- **Data section**
----
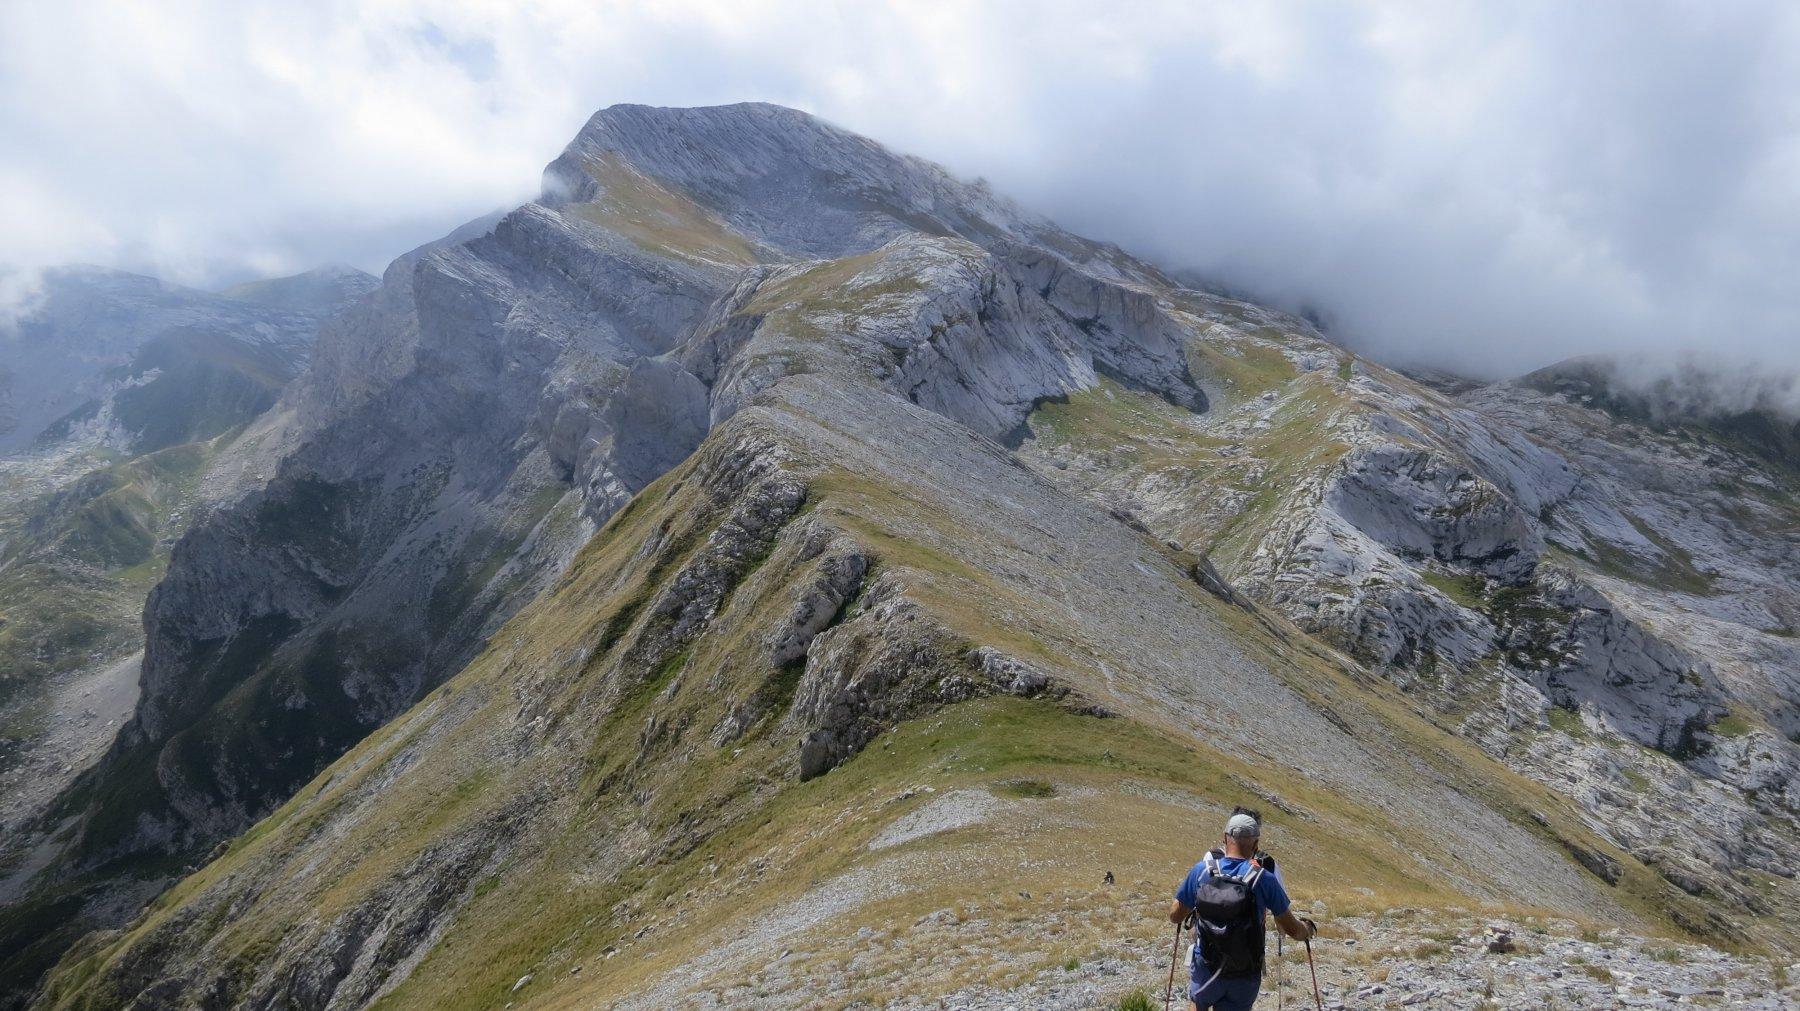 Da cima Brignola si vede a Sud la cresta del Mongioie e la leggera traccia che scende alla conca erbosa alla sua destra
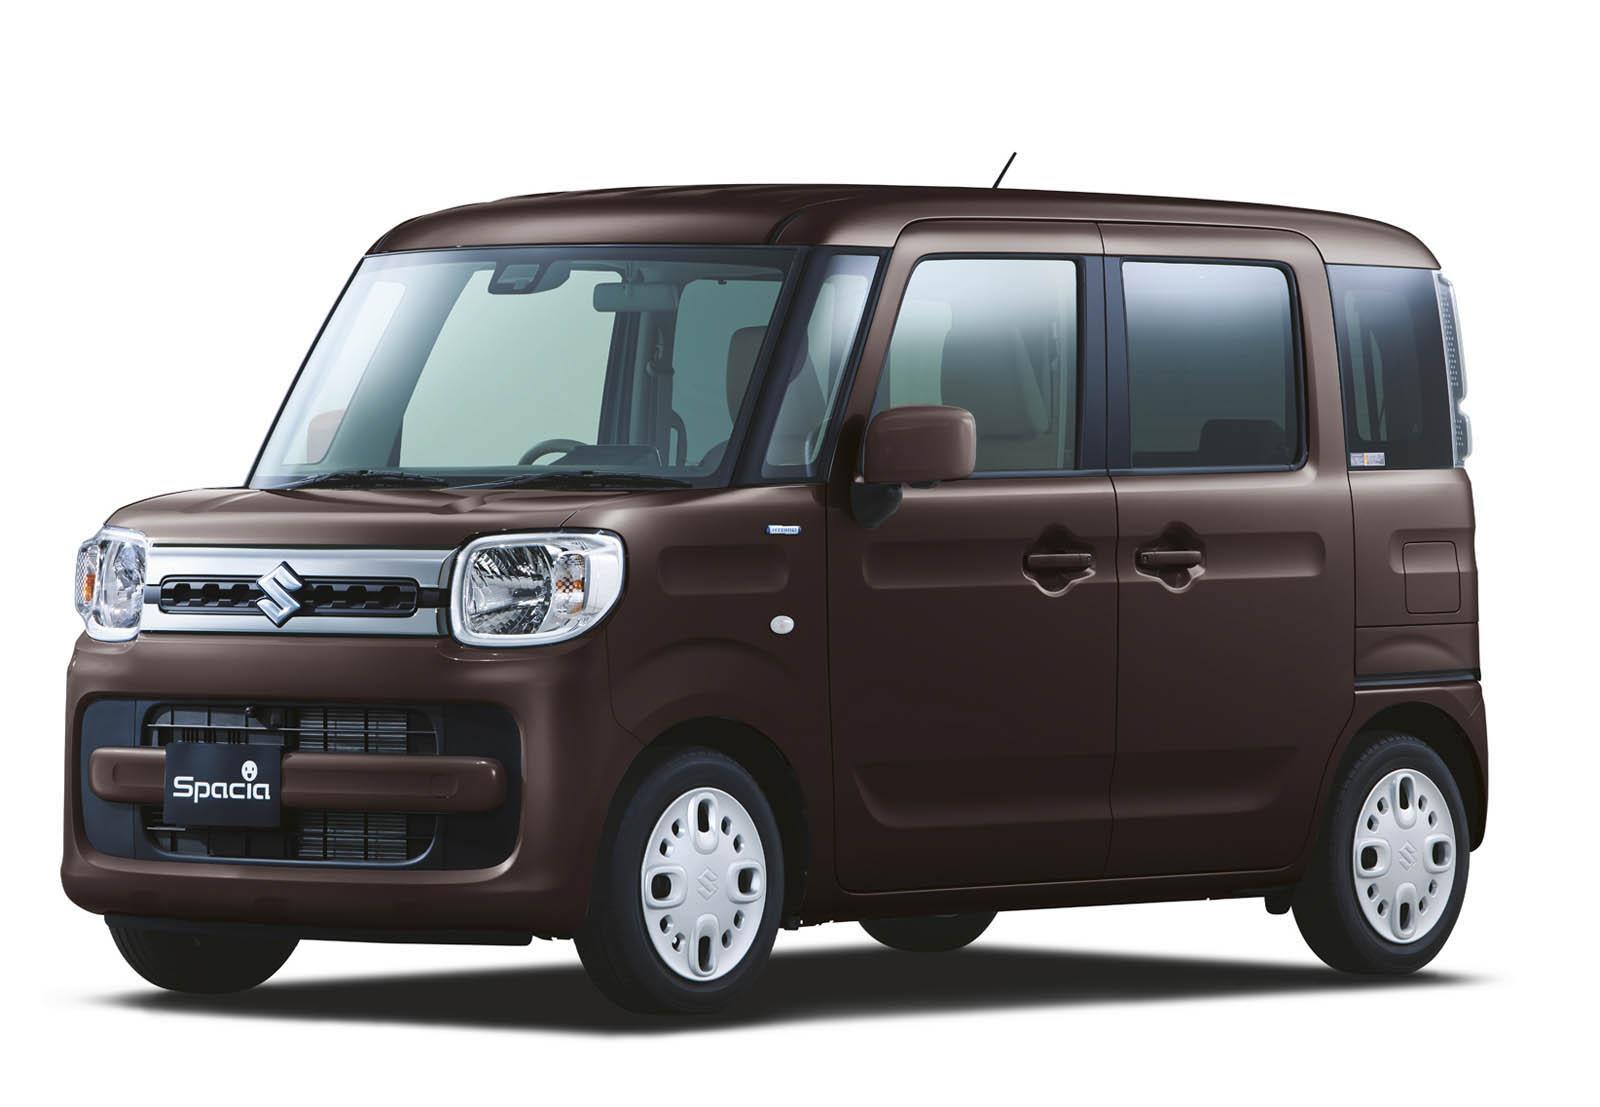 Suzuki Spacia 2018 (14)
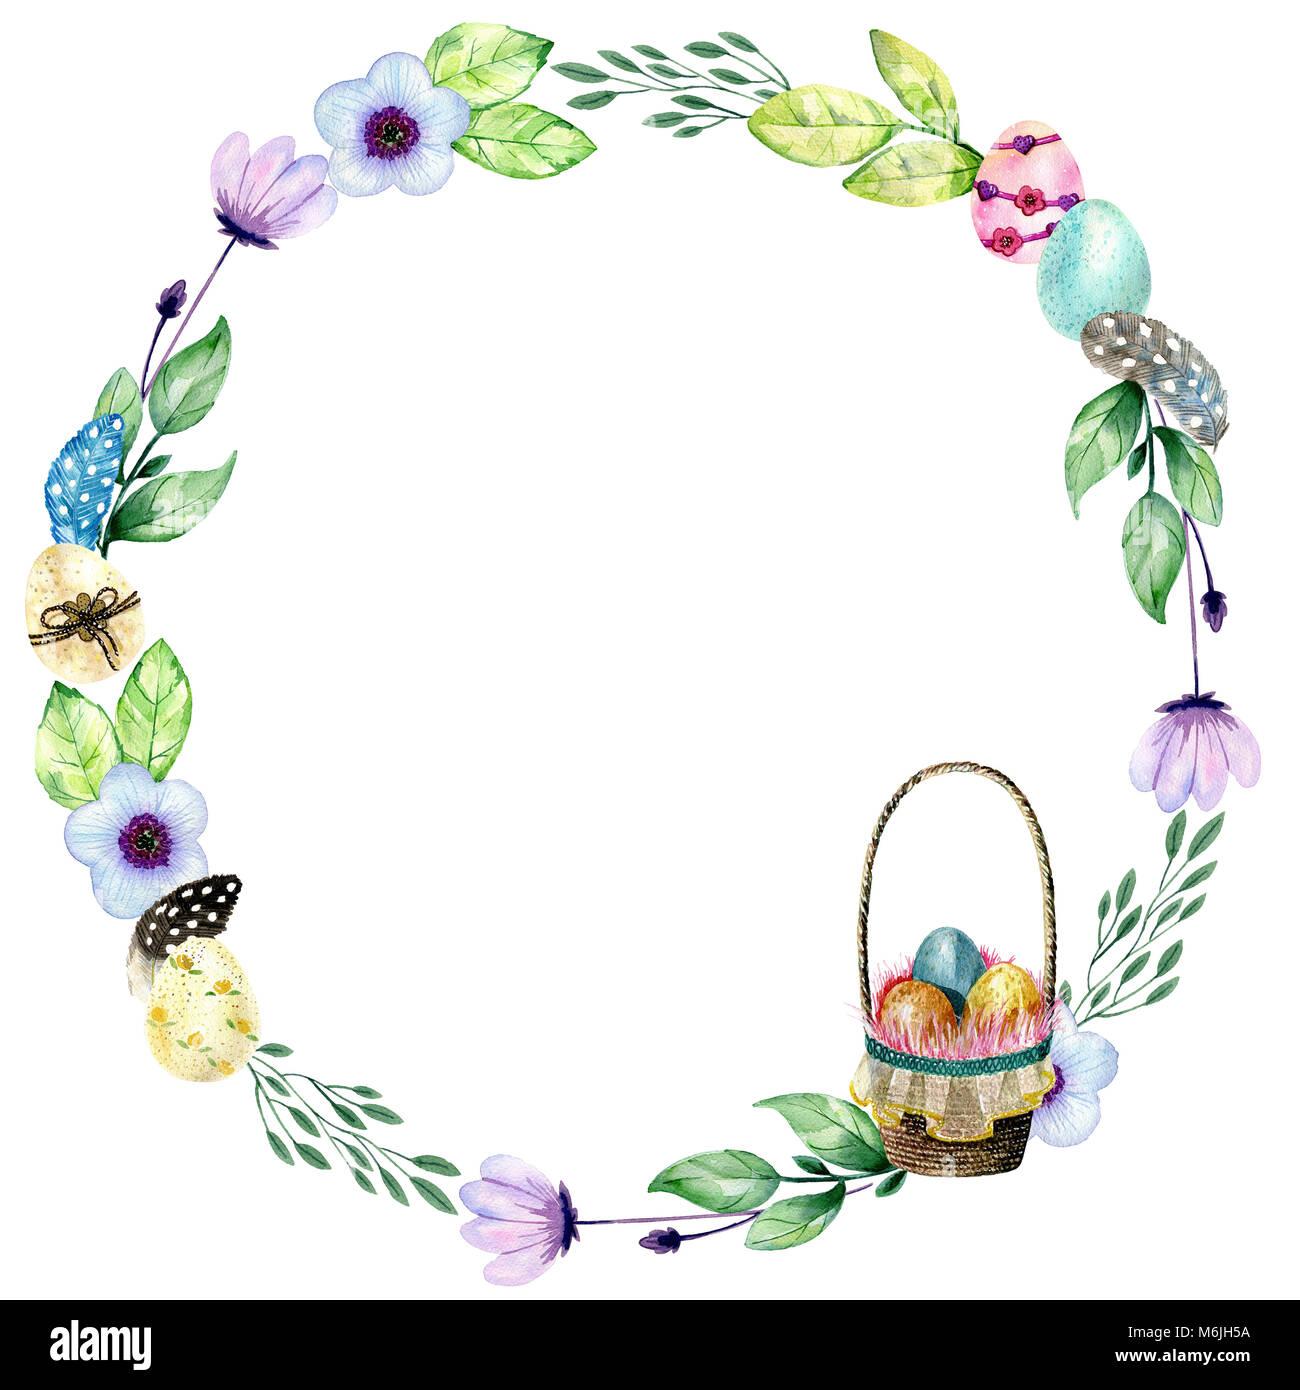 Handzeichnung Ostern Aquarell. Rahmen mit Korb mit Eiern und Blumen ...
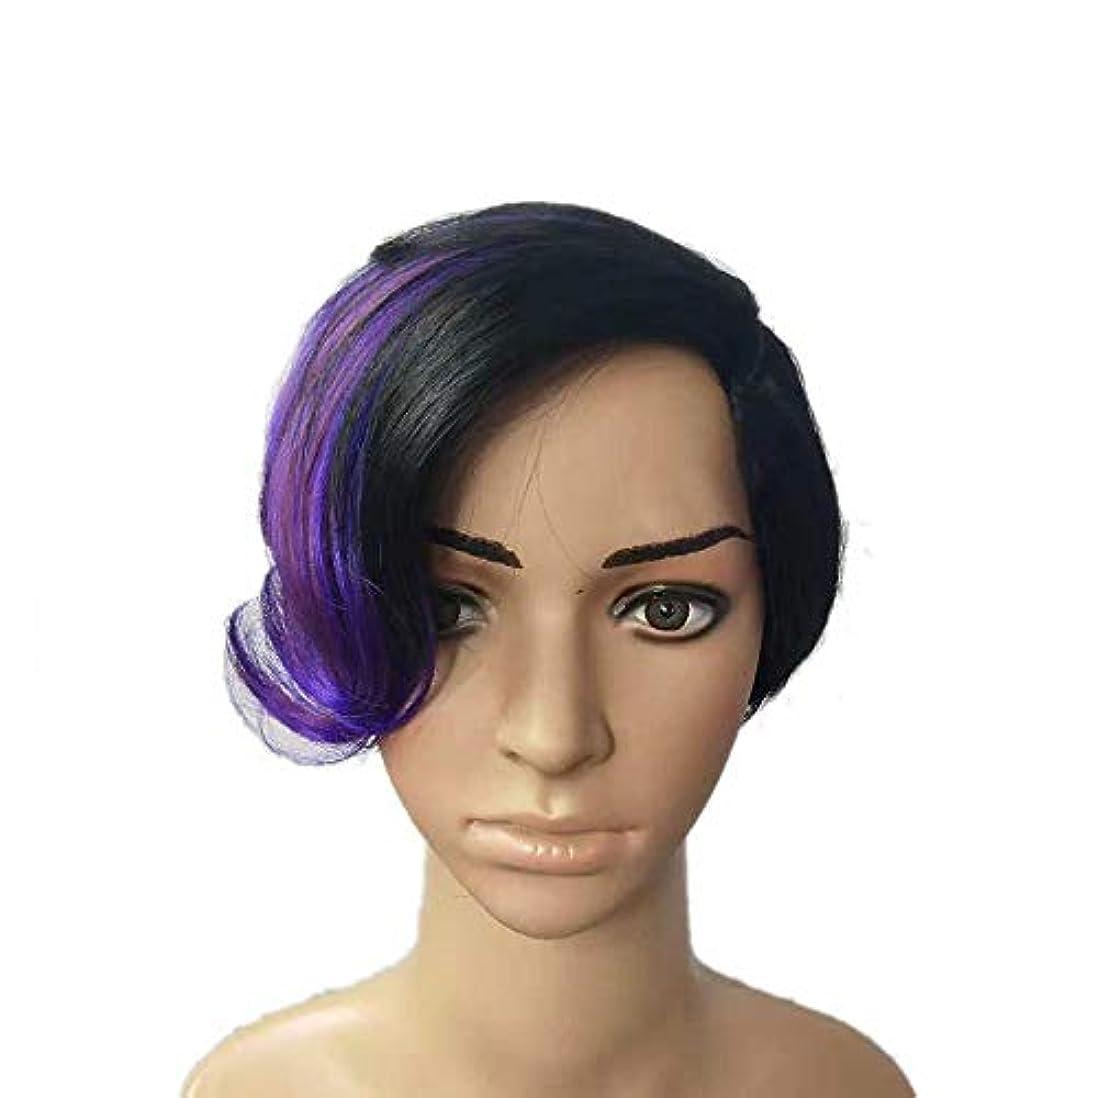 女性グラフィックメッシュWASAIO レディースブラックハイライトパープルショートヘアウィッグアクセサリースタイル交換用コスプレパーティードレス (色 : Photo Color)
----
- **What is required**
Exclude the pictures and give back the rest of the data above exactly as written.

- **Written solution**
 Da cima Brignola si vede a Sud la cresta del Mongioie e la leggera traccia che scende alla conca erbosa alla sua destra
 Suzuki Spacia 2018 (14)
 Handzeichnung Ostern Aquarell. Rahmen mit Korb mit Eiern und Blumen ...
 女性グラフィックメッシュWASAIO レディースブラックハイライトパープルショートヘアウィッグアクセサリースタイル交換用コスプレパーティードレス (色 : Photo Color)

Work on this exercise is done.